With that in mind, I would like to propose a Bayesian framework which will allow us to improve on ELO with respect to all three elements. This approach, which can be applied to practically any model of individual games, is based around a Bayesian view of player performance using the Metropolis-Hastings algorithm as our estimation tool.

Some of you may be wondering what I mean when I use the term Bayesian to describe this framework. In statistics, there are two main paradigms when it comes to inference: frequentist inference and Bayesian inference. The frequentist method views the model that produces our data as having certain fixed parameters, and uses estimation as a means of finding the most likely values for those parameters. In contrast, the Bayesian view treats the parameters as variables and takes the data to be fixed, estimating the probability of each possible value of a parameter being the "true" value, based on the data.

The Bayesian paradigm is named after a theorem discovered by Thomas Bayes, which is called "Bayes' rule". Its form is quite simple:
$[image loading]$
The rule provides a way of turning one conditional probability into its opposite, using the ratio of the unconditional probabilities. We will use this rule to calculate the probability of a set of possible parameter values given the data using the probability of the data given the values. The probability which we are calculating, P(A|B), is known as the posterior probability, since it represents the probability of a certain set of values after we have taken into account the data. In contrast, the probability P(A) is known as the prior probability, since it represents the probability before we take the data into account. The quantity P(B|A) is referred to as the likelihood since it reflects the chances of the data being produced by the set of values in question. Lastly, the term P(B) is nameless and we will essentially ignore it in our analysis (the reason for which will be explained later).

Now that we understand Bayes' rule, let's observe a few things. One, the end result we are obtaining is not a single value, nor is it a finite number of values. Instead, the Bayesian framework allows us to look at the entire distribution of possible ratings. For each player we can estimate the most likely ratings, the variance of possible ratings, and even do arbitrary quantiles. Not only that, we can also examine the correlations across player ratings, since we are viewing the joint distribution, not just the marginals.

In addition, we have that prior term in the calculation. This allows us our estimation to not only take into account the evidence, but also our prior beliefs about what the results might look like. Or not, if we choose to. With ELO, there was no possibility to take this into account. Perhaps we believe that skill ratings are approximately normally distributed. In that case, we could use a bell curve as our prior. These priors are inherently subjective, and so it is often useful to examine the results for multiple different possible priors.

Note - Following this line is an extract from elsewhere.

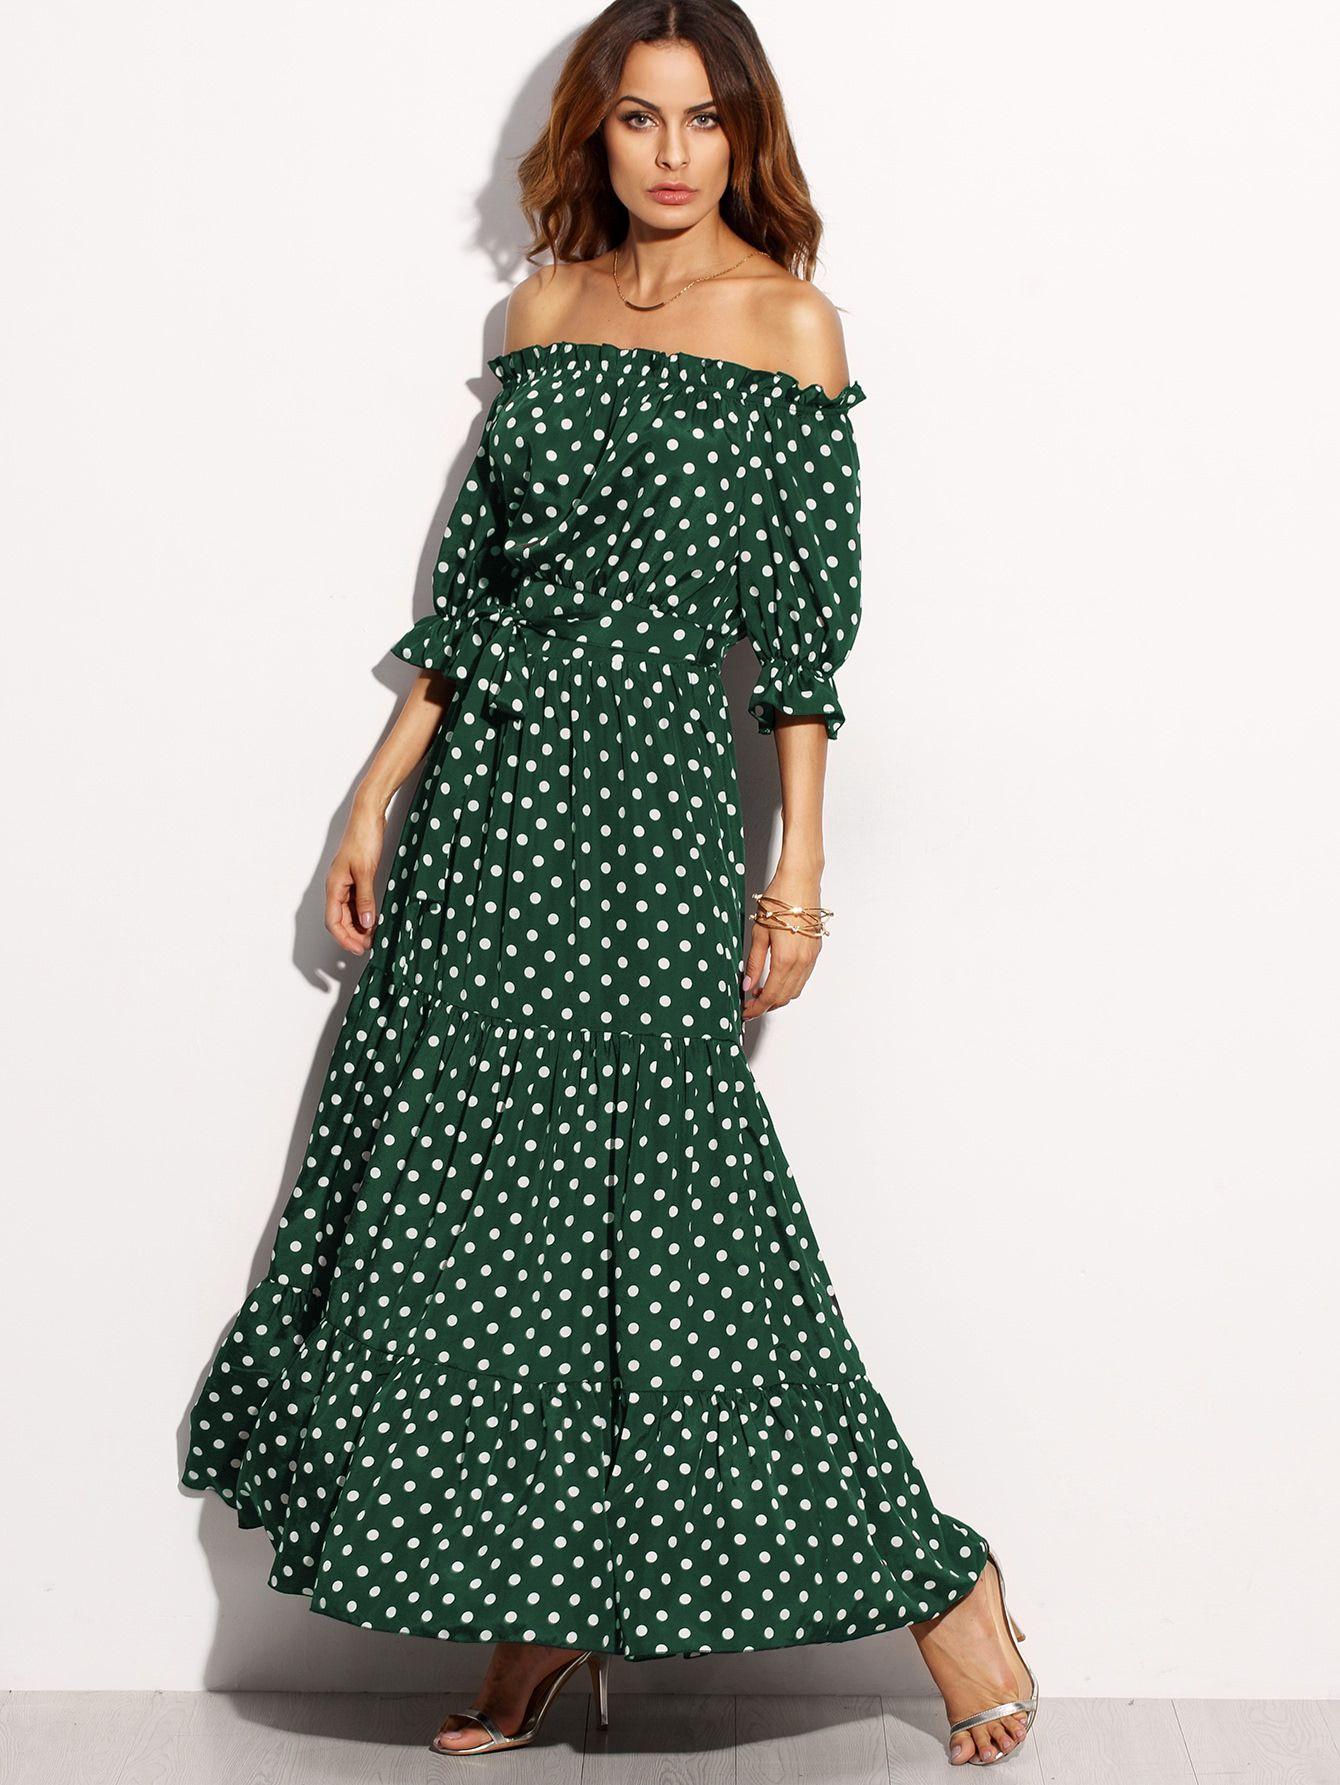 Polka Dot Bardot Neckline Tie Waist Dress

And finally, we can observe that the only restriction on modeling individual games is that they produce a likelihood equation. The model could be of a logistic form, or perhaps a normal form, or something else entirely. It can include just ratings for the players, or take into account a wide variety of different effects, such as racial advantages, map effects and more. Admittedly, this is the area of this framework that I have least explored. As you will see below, I keep the logistic curve from ELO in my analysis, but I am hoping to extend this in the near future. With my new computational mechanism I can now move beyond the model limitations of an ELO-like approach.

So now we have a framework where we can use a wide variety of game models, and obtain a large amount of information about our model parameters. The final component is a computational tool to bridge the other two elements. Now, even though we can calculate our likelihood and prior, we are not able to calculate the posterior yet because of that pesky P(B) term. This term represents the unconditional probability of the actual data occurring, taking into account all possible values of the parameters. An astute observer might notice that when we are computing the posterior, this P(B) value will not change as we vary the values (the A term). This fact is what let's us use the Metropolis-Hastings algorithm.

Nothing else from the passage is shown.